**Task statement**. Data follows below. Repeat exactly the lines between the line holding "Running With Ed" and the line holding "A save the date poster for a masquerade ball", inclusive, and nothing more; drop pictures.

**Record extracts**.
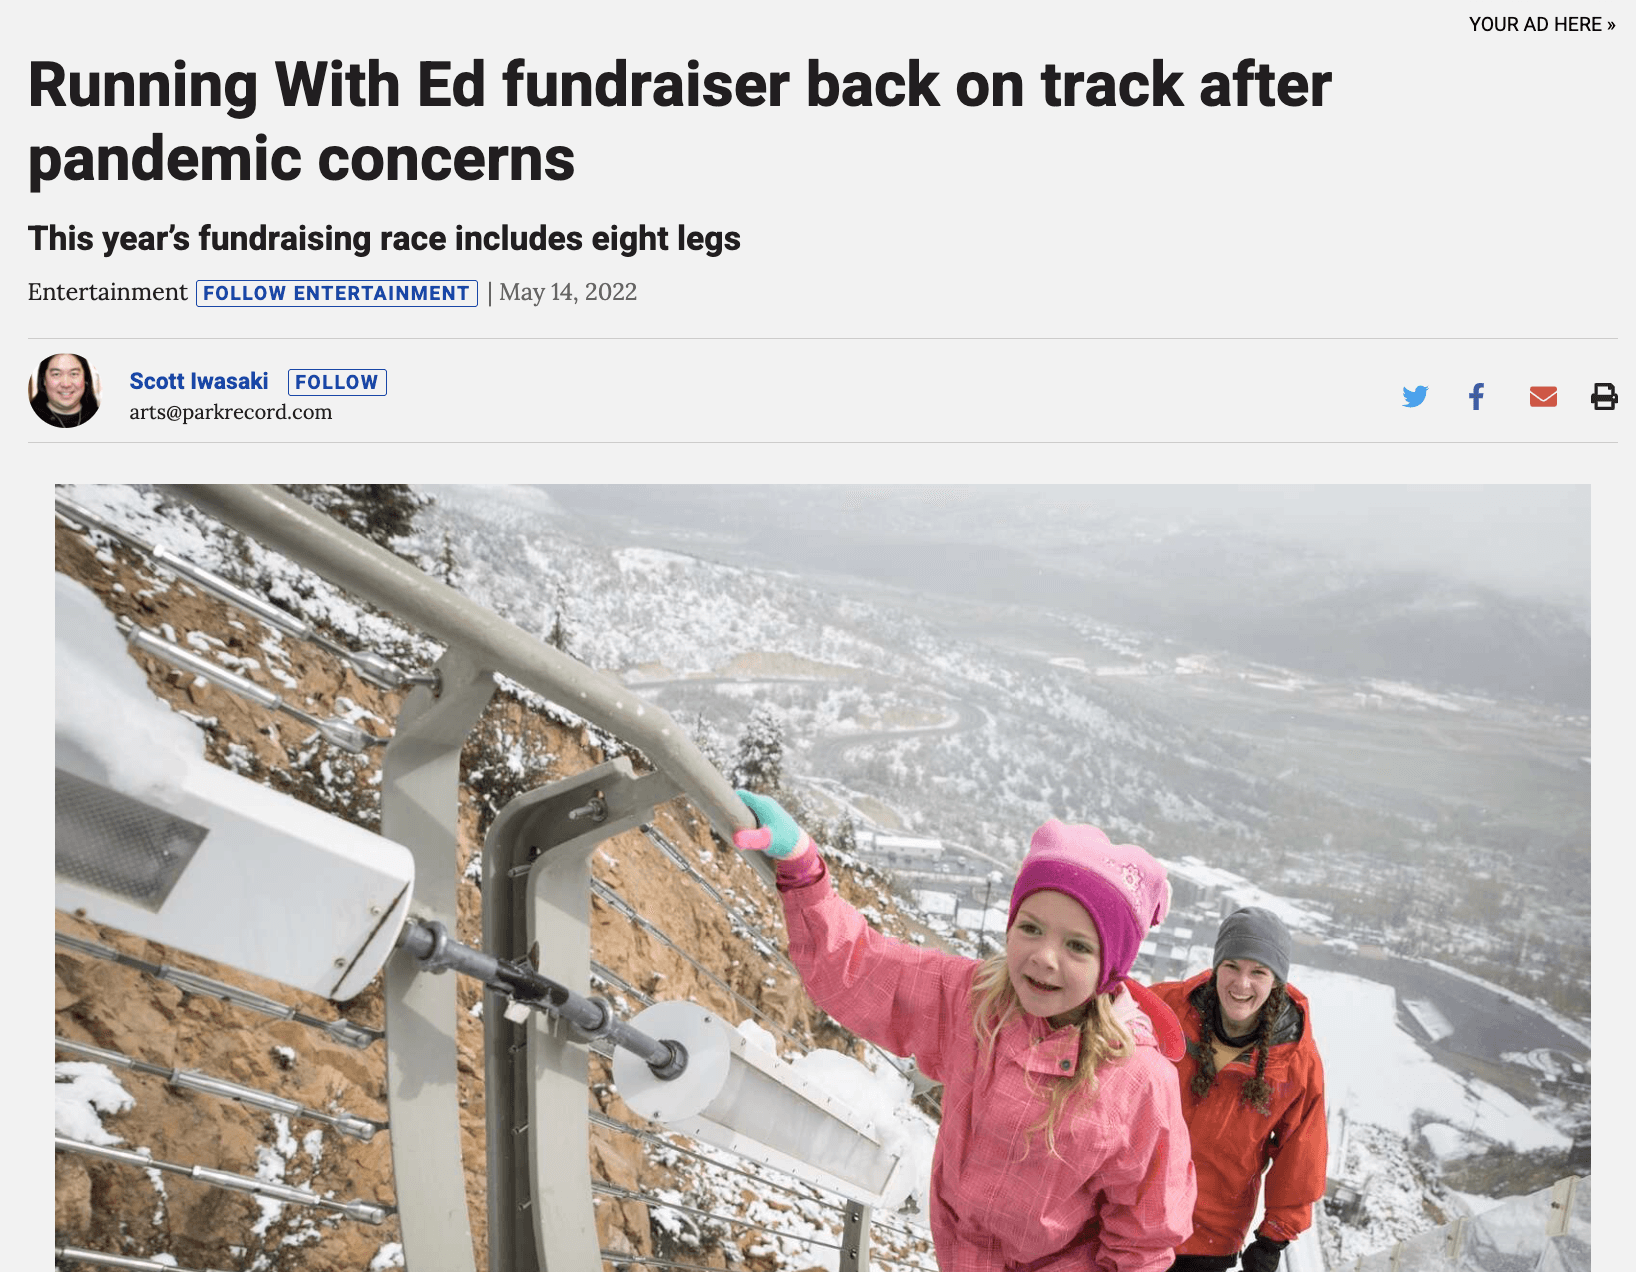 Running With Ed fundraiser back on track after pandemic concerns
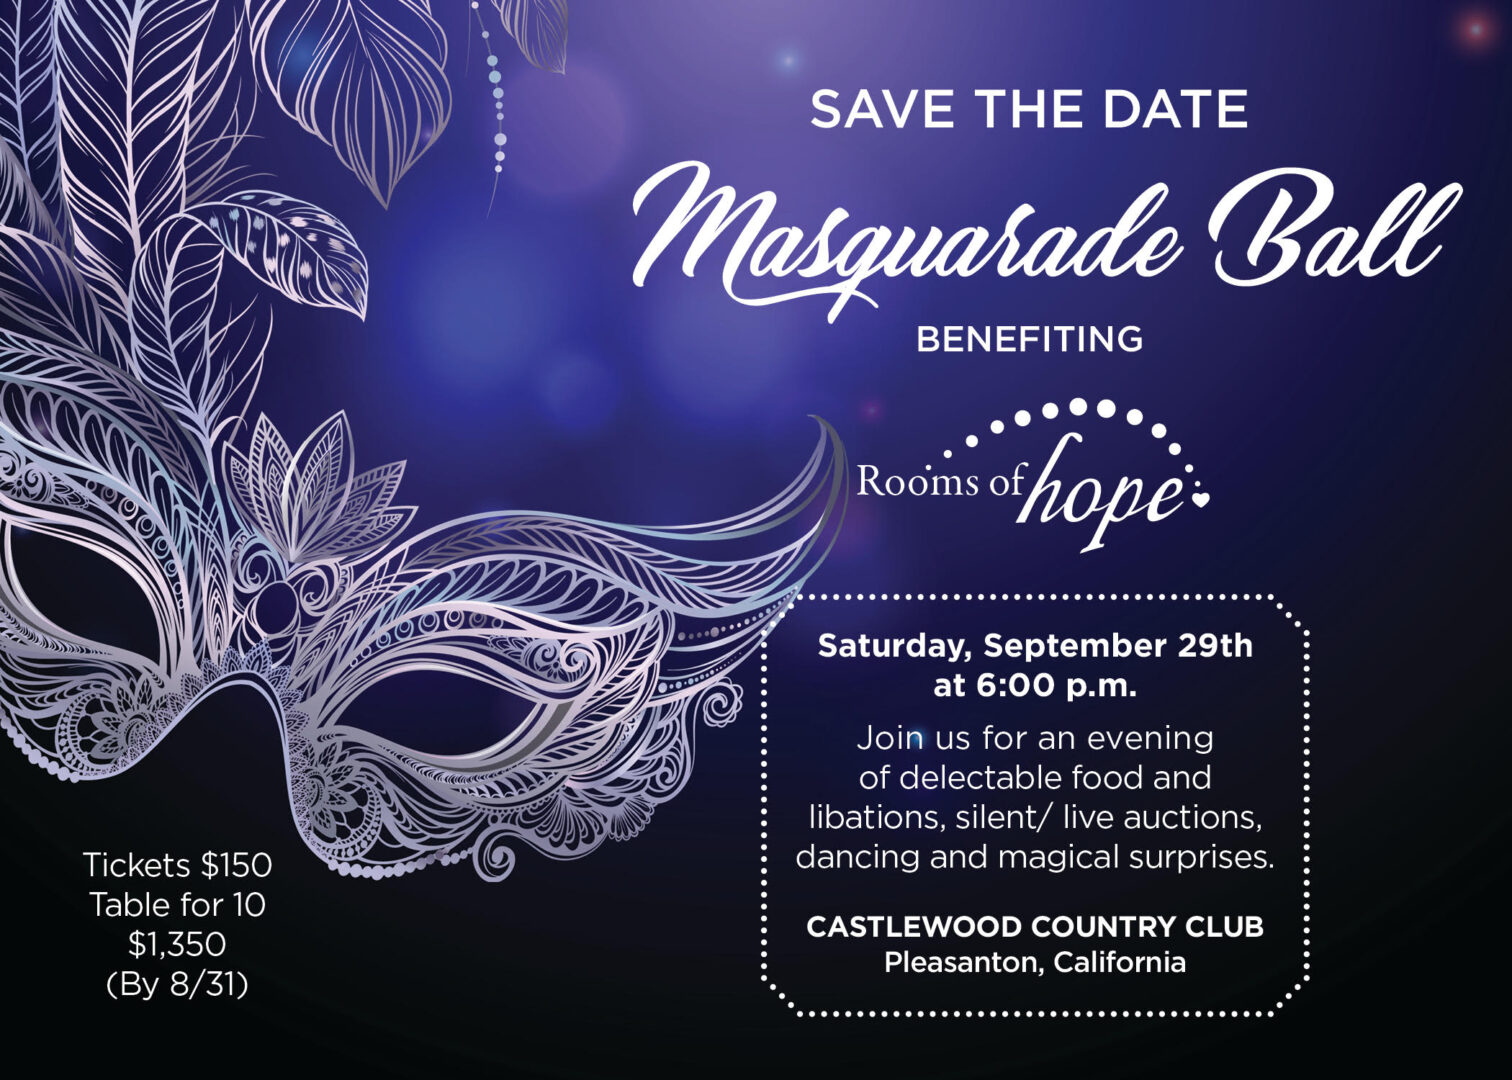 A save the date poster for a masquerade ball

* * *

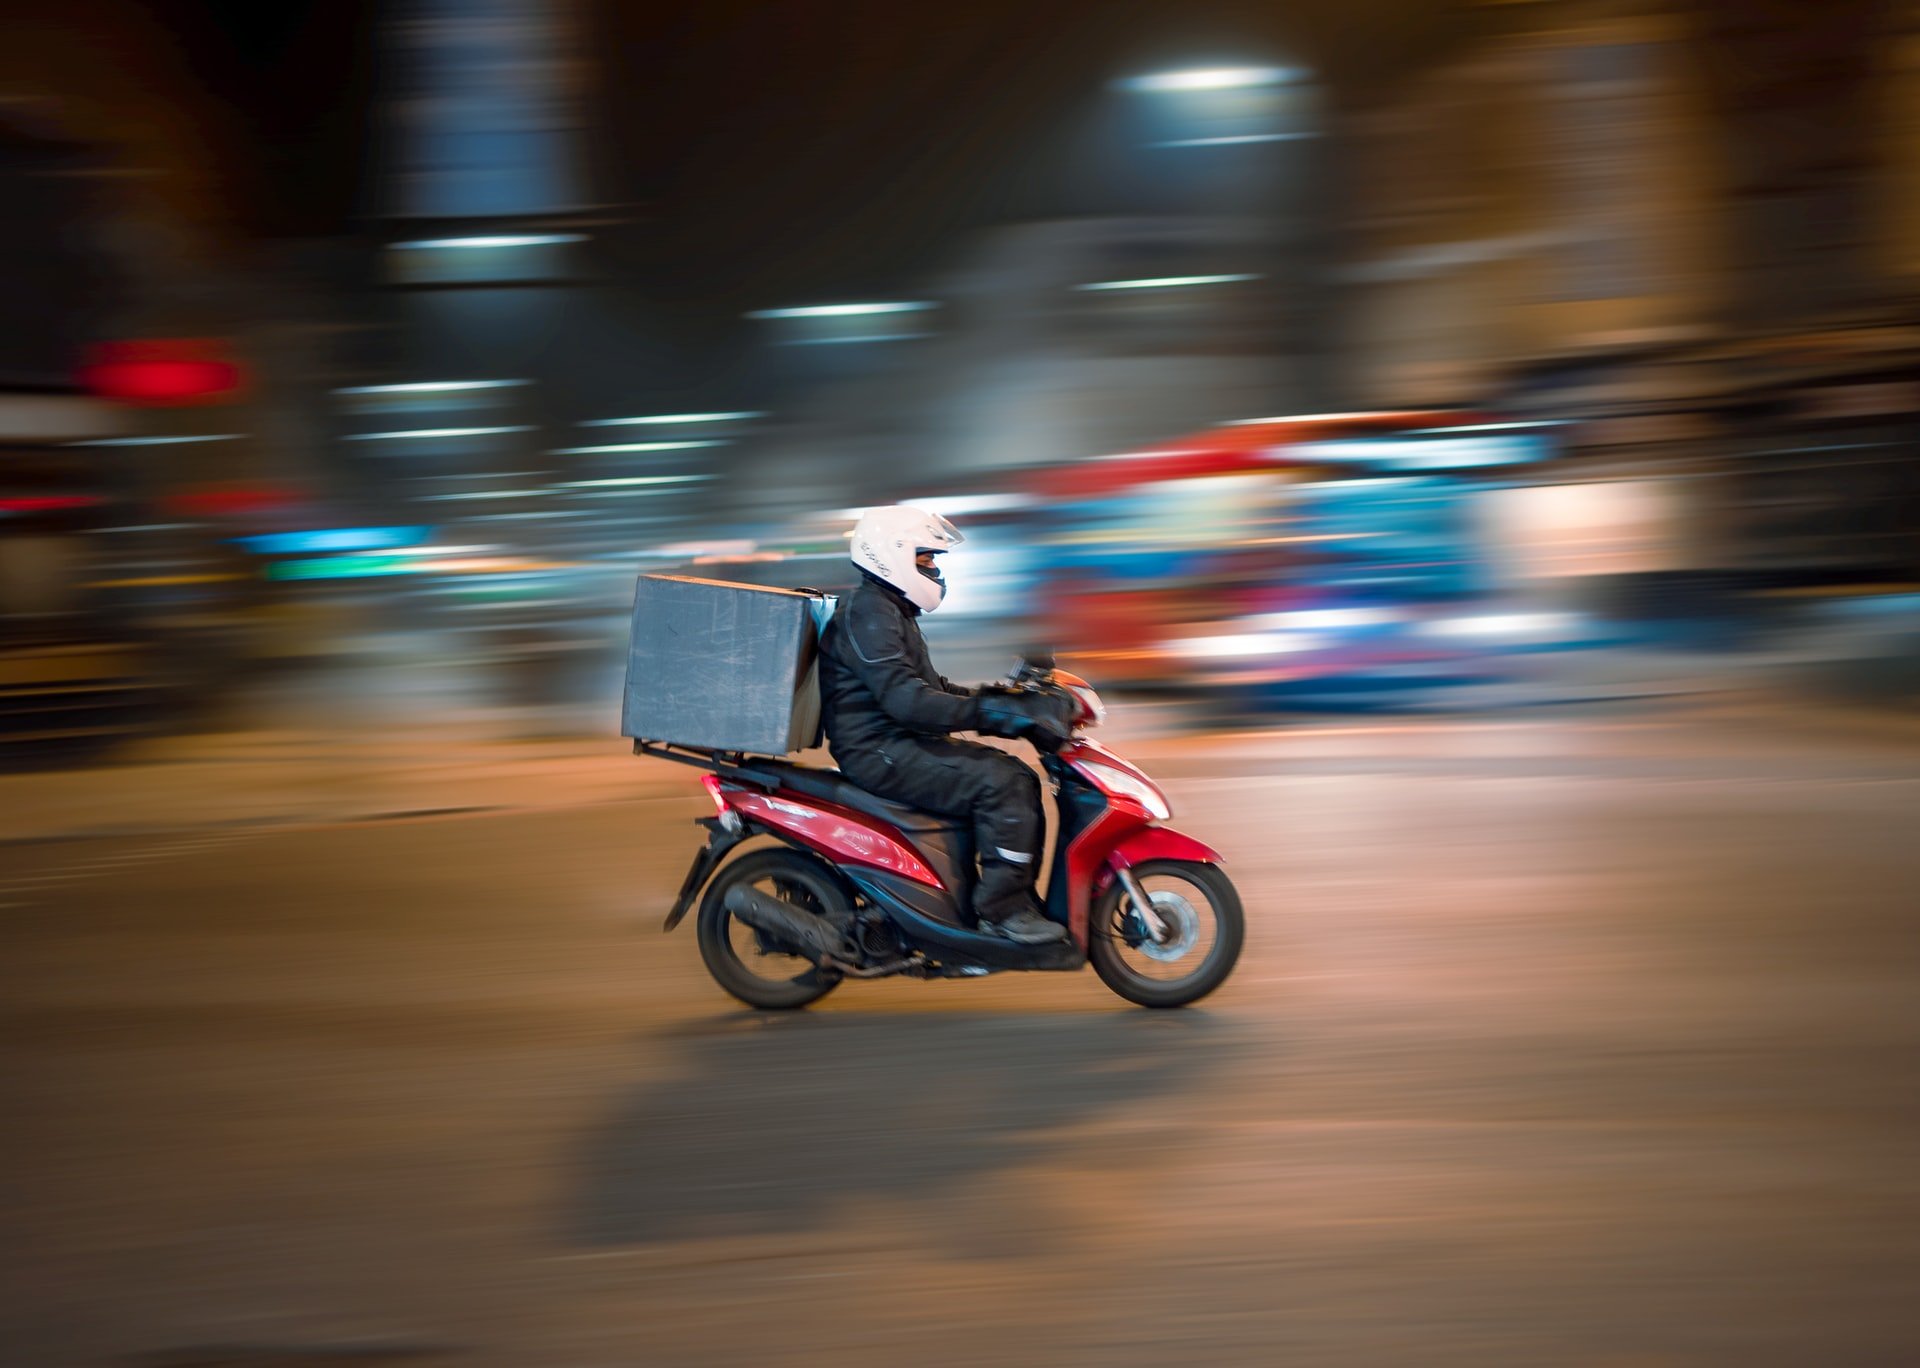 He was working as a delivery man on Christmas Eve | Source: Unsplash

**Expected answer**.
 Running With Ed fundraiser back on track after pandemic concerns
 A save the date poster for a masquerade ball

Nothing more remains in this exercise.